With banks lowering their home loan rates, housing finance companies are soon likely to follow suit to protect their market share. Major banks have reduced their rates since April following implementation of a new interest rate calculation regime mandated by the RBI.
Banks have shifted to a new loan pricing regime — the marginal cost of funds-based lending rate (MCLR) — from April 1.
Under the MCLR, banks need to consider their marginal cost of funds, or the cost incurred on incremental deposits across different maturities. To this, banks will add their operating costs, the negative carry on their cash reserve ratio balances with the central bank and a tenure premium. The move was aimed at making transmission of monetary policy more effective.
On Monday, State Bank of India, the country’s largest lender, reduced its home loan rate by five basis points to 9.40 per cent. The revision in the rate follows reduction in the one-year MCLR to 9.15 per cent from 9.20 per cent. This is the second reduction by SBI since the Reserve Bank of India’s repo rate cut on April 2.
“We have given internal approval to lend at 9.4 per cent.
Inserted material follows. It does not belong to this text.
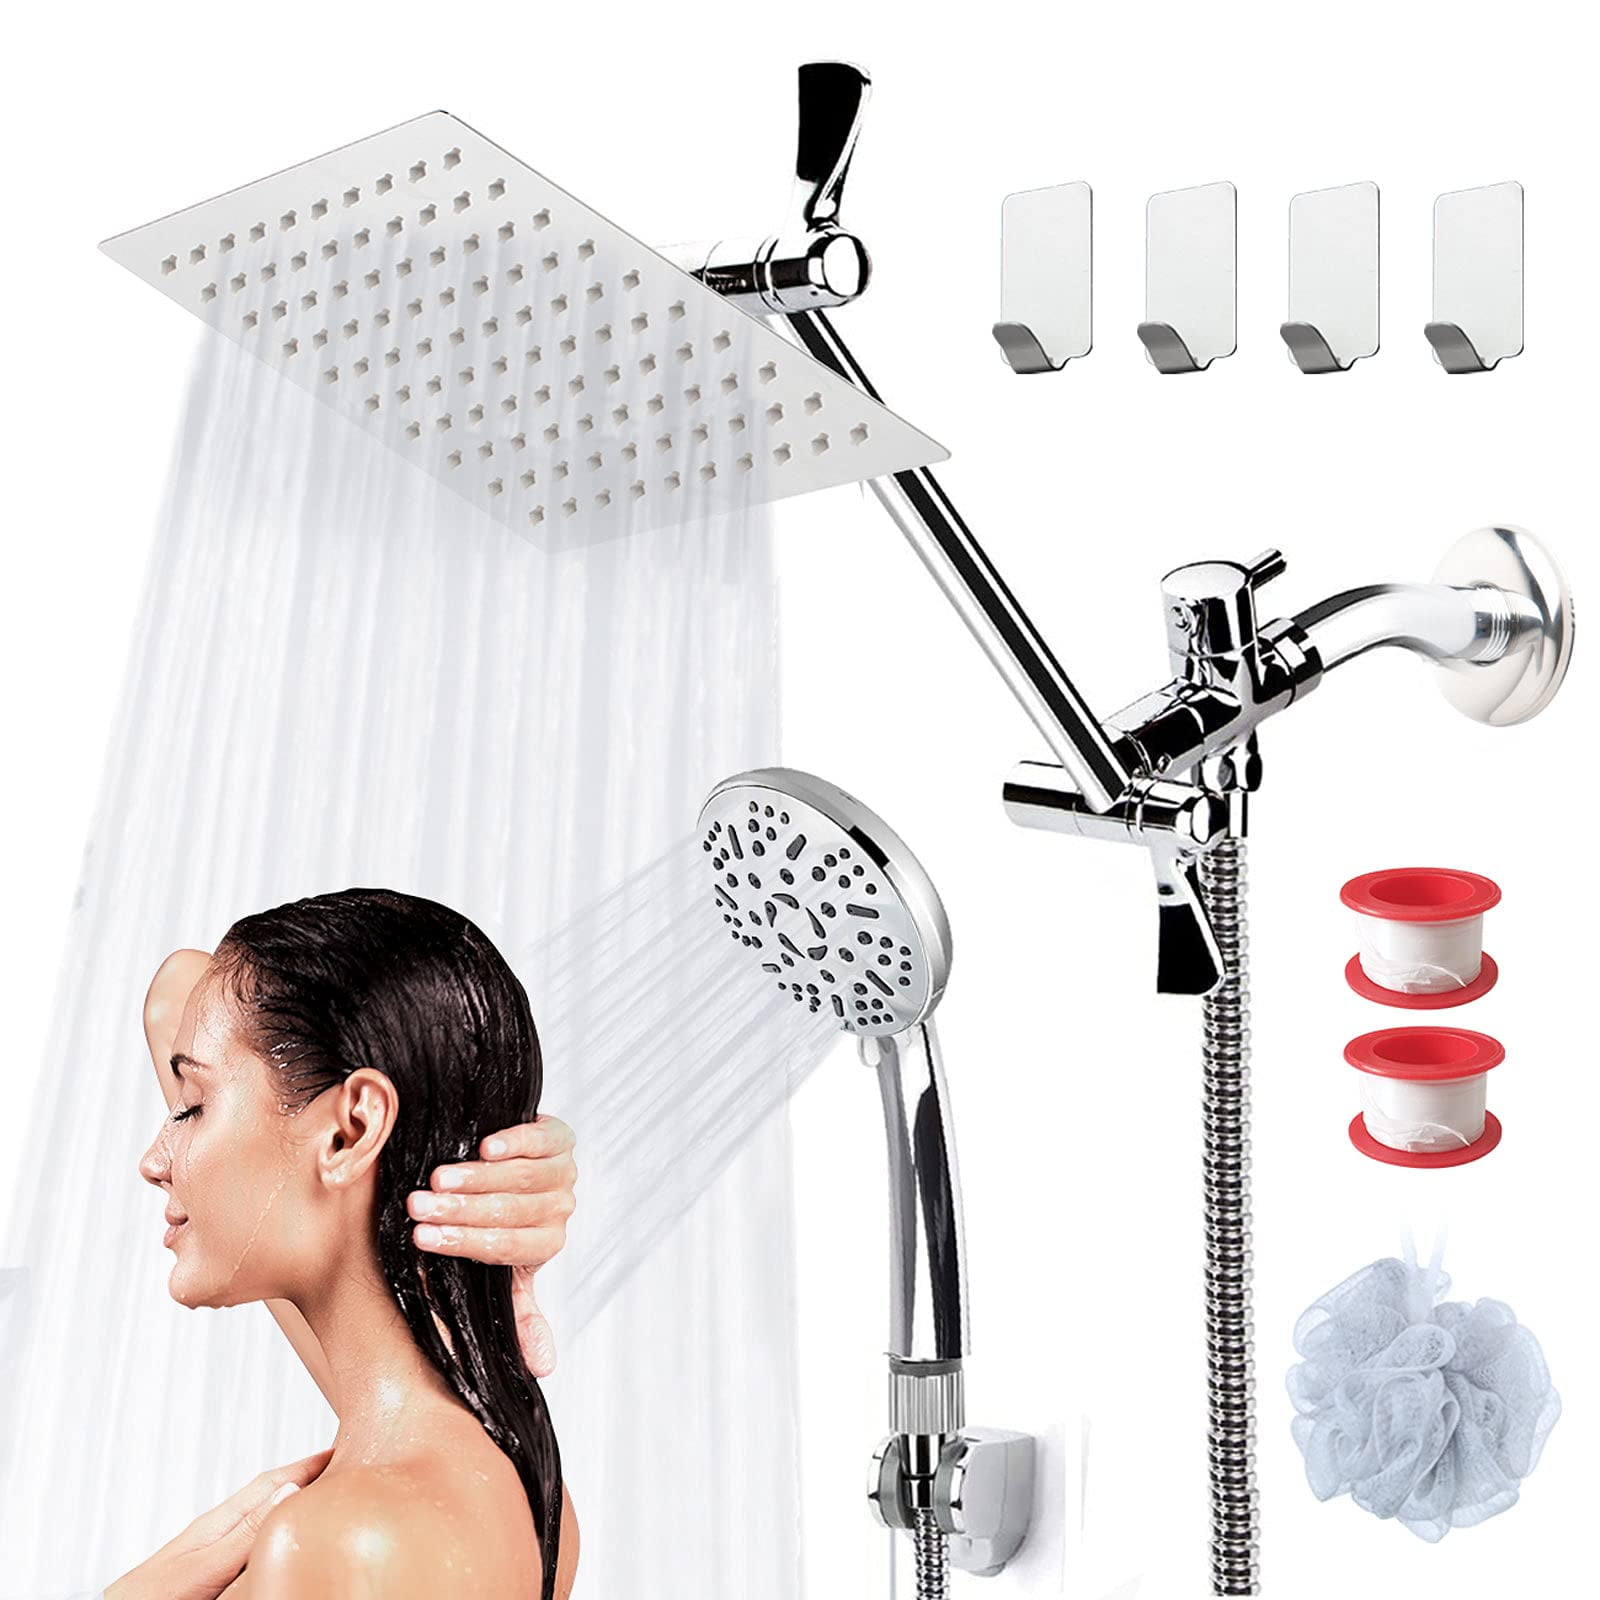 High Pressure 8'' Rainfall Stainless Steel Shower Head/Handheld Shower with ON/OFF Pause Switch Shower Combo with hose,Adhesive Shower Head Holder Shower Head with handheld

We believe that home loans will continue to be the most competitive segment in terms of rates and most major banks and housing finance companies will lend at 9.4 per cent,” said Ashwini Kumar Hooda, Deputy Managing Director, Indiabulls Housing Finance. Major housing companies, such as LIC Housing Finance and HDFC, the largest player in the home loan business, are also likely to review their home loan rates.
Sunita Sharma, MD and CEO, LIC Housing Finance, said that with banks moving to the MCLR rate, the fall in home loan rates will be a challenge for housing finance companies.
Keki Mistry, Vice-Chairman and CEO of HDFC, said that the lender will be reviewing its rates shortly and take a call on rate reduction.
Incidentally, most housing finance companies have seen a fall in their cost of funds, thanks to base rate reduction by commercial banks and softening in long-term bond yields.
Hooda said that the company is focussing on reducing its bank borrowings, which is relatively costlier, and plans to raise 70 per cent of its funds from non-bank sources, which include bonds and external commercial borrowings.